2달 전

Hao Liang Zhengyang Zhao Meiyi Qiang Mingrui Chen Lu Ma Rongyi Yu Hengyi Feng Shixuan Sun Zimo Meng Xiaochen Ma

초록

데이터 중심 학습(Data-centric training)은 모델 파라미터 최적화뿐만 아니라 최적화 과정 중 훈련 데이터의 선택, 구성, 가중치 부여를 동시에 최적화함으로써 대규모 언어 모델(LLM)의 성능을 향상시킬 수 있는 유망한 방향으로 부상하고 있습니다. 그러나 기존 데이터 선택, 데이터 혼합 최적화, 데이터 재가중치 기법들은 종종 서로 격리된 코드베이스에서 개발되어 인터페이스가 일관되지 않아 재현성 확보, 공정한 비교, 실용적인 통합을 저해하고 있습니다. 본 논문에서는 LLaMA-Factory 를 기반으로 구축된 통합된 데이터 중심 동적 학습 프레임워크인 DataFlex 를 제안합니다. DataFlex 는 샘플 선택, 도메인 혼합 조정, 샘플 재가중치라는 세 가지 주요 동적 데이터 최적화 패러다임을 지원하면서도 원래의 학습 워크플로우와 완전히 호환됩니다. 또한 확장 가능한 트레이너 추상화 및 모듈형 컴포넌트를 제공하여 표준 LLM 학습에 대한 플러그인 형태의 대체를 가능하게 하며, 임베딩 추출, 추론(Inference), 그라디언트 계산과 같은 모델 의존적 핵심 연산을 통합합니다. 아울러 DeepSpeed ZeRO-3 를 포함한 대규모 설정도 지원합니다. 우리는 다양한 데이터 중심 기법들을 대상으로 포괄적인 실험을 수행했습니다. 동적 데이터 선택은 Mistral-7B 와 Llama-3.2-3B 모두에서 정적 전체 데이터 학습 대비 MMLU 성능을 일관되게 향상시켰습니다. 데이터 혼합의 경우, DoReMi 와 ODM 은 SlimPajama 에서 Qwen2.5-1.5B 를 6B 토큰 및 30B 토큰 규모로 사전 학습시킬 때 기본 비율 대비 MMLU 정확도와 코퍼스 수준의 퍼플렉시티(Perplexity) 를 모두 개선했습니다. 또한 DataFlex 는 기존 구현 대비 일관된 런타임 개선을 달성했습니다. 이러한 결과는 DataFlex 가 LLM 의 데이터 중심 동적 학습을 위한 효과적이고 효율적이며 재현 가능한 인프라를 제공함을 입증합니다.

One-sentence Summary

Researchers from Peking University and Shanghai Artificial Intelligence Laboratory present DATAFLEX, a unified framework built on LLaMA-Factory that integrates data selection, mixture optimization, and reweighting into a single dynamic training paradigm, enabling scalable, reproducible large language model optimization with superior performance over static baselines.

Key Contributions

The paper introduces DATAFLEX, a unified framework built on LLaMA-Factory that supports dynamic sample selection, domain mixture adjustment, and sample reweighting through extensible trainer abstractions and modular algorithm components.
This work unifies common model-dependent operations such as embedding extraction, model inference, and gradient computation while maintaining full compatibility with large-scale training settings like DeepSpeed ZeRO-3.
Experiments demonstrate that the framework achieves consistent performance gains over static training and default data proportions across multiple backbones and datasets, while also delivering runtime improvements over original method-specific implementations.

Introduction

Large language model training is increasingly shifting toward data-centric approaches that optimize data selection, mixture, and weighting alongside model parameters to improve efficiency and performance.
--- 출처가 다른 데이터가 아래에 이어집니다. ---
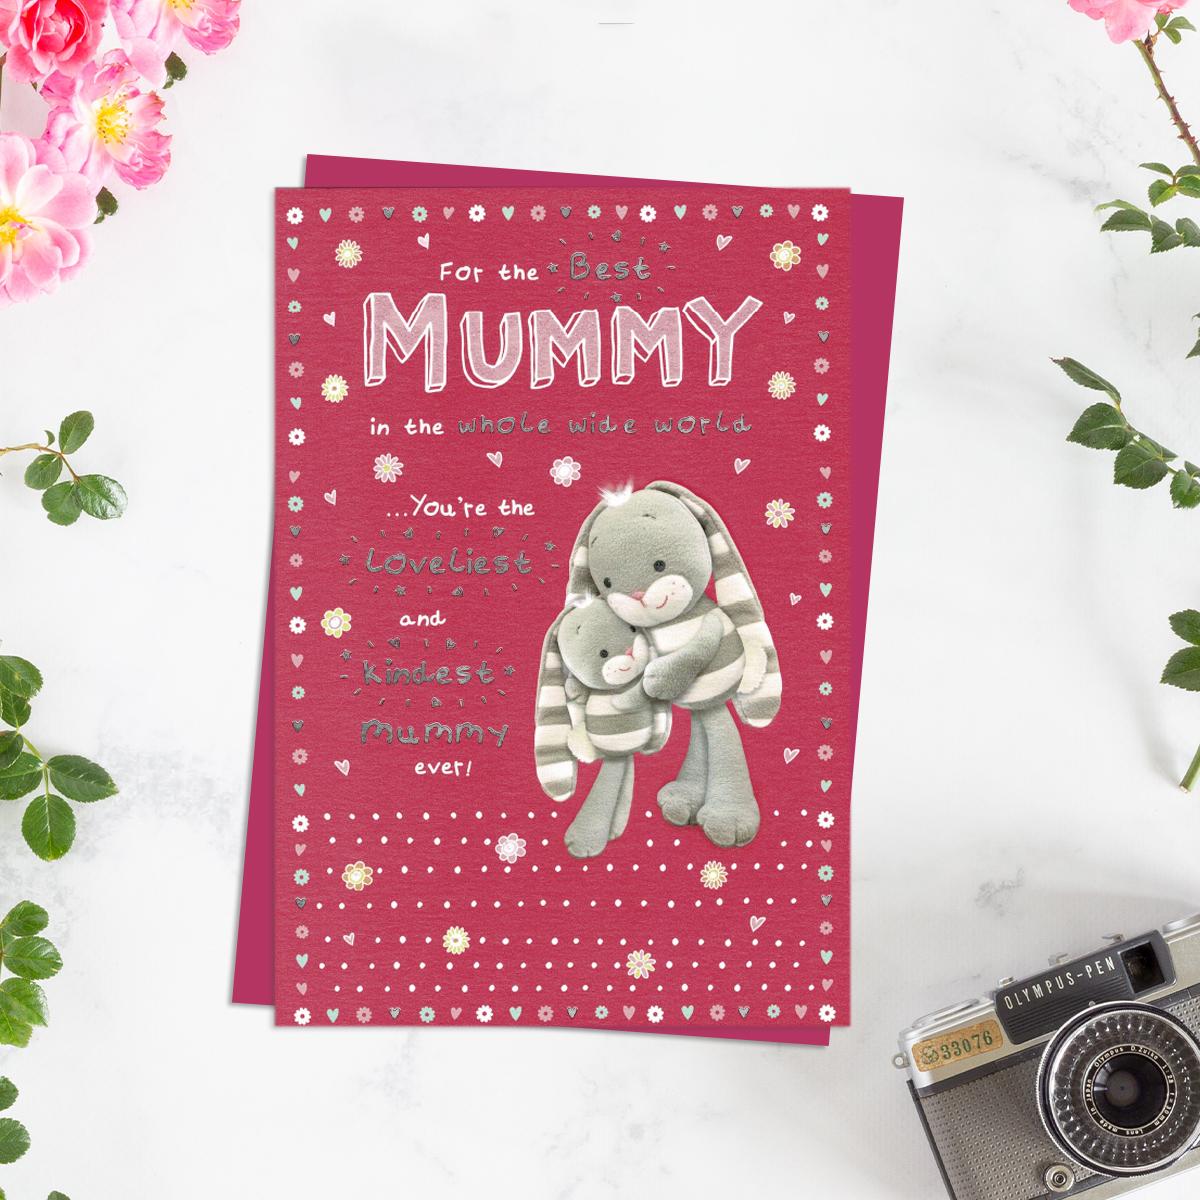 ' For The Best Mummy' Mother's Day Card Featuring Hun Bun! Complete With Cerise Envelope

However, prior work suffers from significant fragmentation, as existing methods are often isolated in separate codebases with inconsistent interfaces that hinder reproducibility, fair comparison, and integration into scalable pipelines. The authors leverage the widely adopted LLaMA-Factory to introduce DATAFLEX, a unified framework that standardizes data-centric dynamic training by supporting selection, mixture adjustment, and reweighting through modular trainer abstractions. This system unifies shared model-dependent operations like embedding extraction and gradient computation while remaining compatible with large-scale training setups such as DeepSpeed ZeRO-3, enabling both systematic research evaluation and practical deployment.

Dataset

Dataset Composition and Sources: The authors utilize SlimPajama, a large-scale deduplicated English pretraining corpus derived from RedPajama. This dataset aggregates seven text domains: CommonCrawl (CC), C4, GitHub, Book, ArXiv, Wikipedia, and StackExchange (SE).
Subset Details and Filtering: Two subsets are employed to evaluate training budgets at different token scales: SlimPajama-6B and SlimPajama-30B. Both subsets are randomly sampled to strictly preserve the natural token-level domain proportions of the original corpus, which are CommonCrawl (54.1%), C4 (28.7%), GitHub (4.2%), Book (3.7%), ArXiv (3.4%), Wikipedia (3.1%), and StackExchange (2.8%). These natural proportions serve as the default baseline mixture and the initial weights for dynamic optimization methods.
Training Usage and Mixture Ratios: The authors train Qwen2.5 models from scratch with random initialization to isolate the effects of data mixture strategies. The baseline uses a static mixer with default SlimPajama proportions. The DoReMi method follows a three-step procedure where a reference model and proxy model are trained to compute per-domain excess losses, resulting in optimized static weights for the target model that notably increase high-quality domains like Book and Wikipedia while reducing CommonCrawl dominance. The Online Data Mixing (ODM) approach dynamically adjusts domain weights during a single training pass using the Exp3 multi-armed bandit algorithm without a separate reference model.
Processing and Configuration Details: All experiments train for one full epoch with a linear learning rate decay and a 5% warmup ratio. The Qwen tokenizer is applied to all models, and a fixed random seed of 42 is used. Training runs utilize BFloat16 mixed precision, DeepSpeed ZeRO Stage-3 for memory efficiency, and FlashAttention-2 for attention computation. The 6B-token experiments run on a single node with 8 GPUs, while the 30B-token experiments scale to 4 nodes with 32 H20 GPUs in total.

Method

The authors propose DATAFLEX, a unified data-centric dynamic training framework designed to treat data as a first-class optimization variable. The system is built upon LLaMA-Factory and is structured into three primary layers to support dynamic control over data selection, mixture, and weighting.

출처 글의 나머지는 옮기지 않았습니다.